I felt like everything I was doing was meaningless. I aspired to become the best possible doctor through studying, traveling and sharing, but I always returned to the conditions that made me feel that all was in vain. My stagnant environment was full of burnout people, unjust deaths and endless problems regarding insufficient resources versus higher and higher demand.
That saddest thing in medicine is a doctor without hope.
I felt that each patient brought more pain than joy, even when we had excellent outcomes. It made me sick. I felt like I had unlearned hope. To make matters worse, I could not contain these emotions.
One day a patient asked me, “Am I going to die, doctor?”
I had just seen the results. It suggested cancer, but what would happen now? We wanted an expert to lead him, necessitating an evaluation by the oncologist. Still, the oncologist would not see the patient until the biopsy result, despite the imaging strongly suggested cancer. That meant we had to ask the general surgeon to do the biopsy, but in return, he asked us to refer the patient to another surgical specialty, based on the location of the tumor. So we tried, but this type of specialist did not serve in our region.
The patient’s and our growing stress and conflict eventually led the general surgeon to do the biopsy, but the patient had to wait 30 to 45 more days for the result. Only then, he would be able to go back to the oncologist. When he did, tho oncologist asked us for phenotyping. One more week passed until we finally get the patient to oncology, only to be declared too sick for treatment.
I had experienced this so many times before. Meanwhile, patients were getting more sick, and repeatedly ended up in the emergency department, sometimes got admitted, only to treat infections or pain. In the end, they were sent by the internist to die in our emergency room. They could not do end-of-life care properly. I frequently talked to an enraged family, not because of cancer, but because they were led to believe there was a chance of treatment.
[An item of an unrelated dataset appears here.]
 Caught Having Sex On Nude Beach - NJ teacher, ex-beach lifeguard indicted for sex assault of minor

My opinion is that the problem wasn’t lying to the patient about cure cancer, but how often the system don’t even give them this chance of a fight, lying about a chance to treat, but in really being just harmful for everybody because disorganization, corruption, and for didn’t care.
We do not cure death. Ever.
Sometimes we can prolong life. We hope for a good life with meaning, so that they can enjoy some more years, months, weeks or days of celebration, and prepare their wishes for a decent death with their family.
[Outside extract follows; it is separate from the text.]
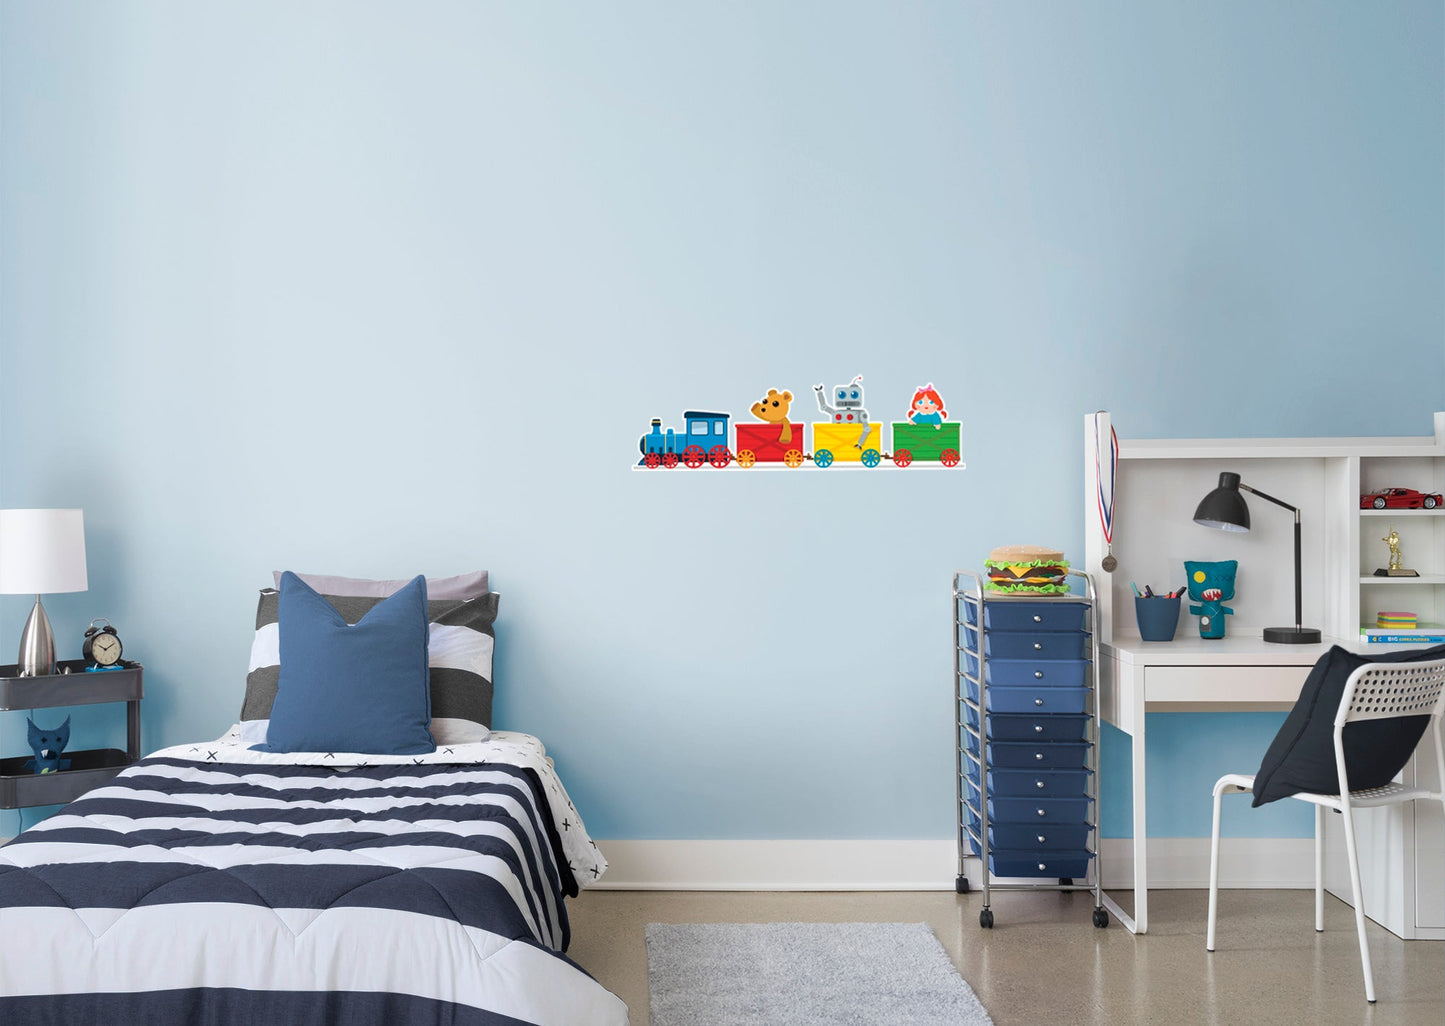 Nursery:  Robot Icon        -   Removable Wall   Adhesive Decal

My opinion is that this realization is important not only when we talk about cancer, but any condition, even like a heart attack. We do not cure death, ever.
Coming back to that new patient, the words and the questions bounced in my head:
– Am I going to die, doctor?
– Don’t think about it now. We will take care of you.
I don’t know what the patient saw in me. To me, It felt like lying. When I said we would do our best, it wasn’t me but the system lying. Even if we as emergency physicians or I as an individual did everything possible, I felt the system didn’t care. I knew the system could do better. What could I say when I knew that the journey I want for my patients is so unachievable in the system I work in. I no longer knew what to say under these circumstances, and I felt the patient recognized that in my soul.
I felt hurt, guilty, beaten, and bitter.
That saddest thing in medicine is a doctor without hope.
I never thought this could happen to me. Not with me! How could this happen to me? I was in love with Emergency Medicine! Wasn’t I?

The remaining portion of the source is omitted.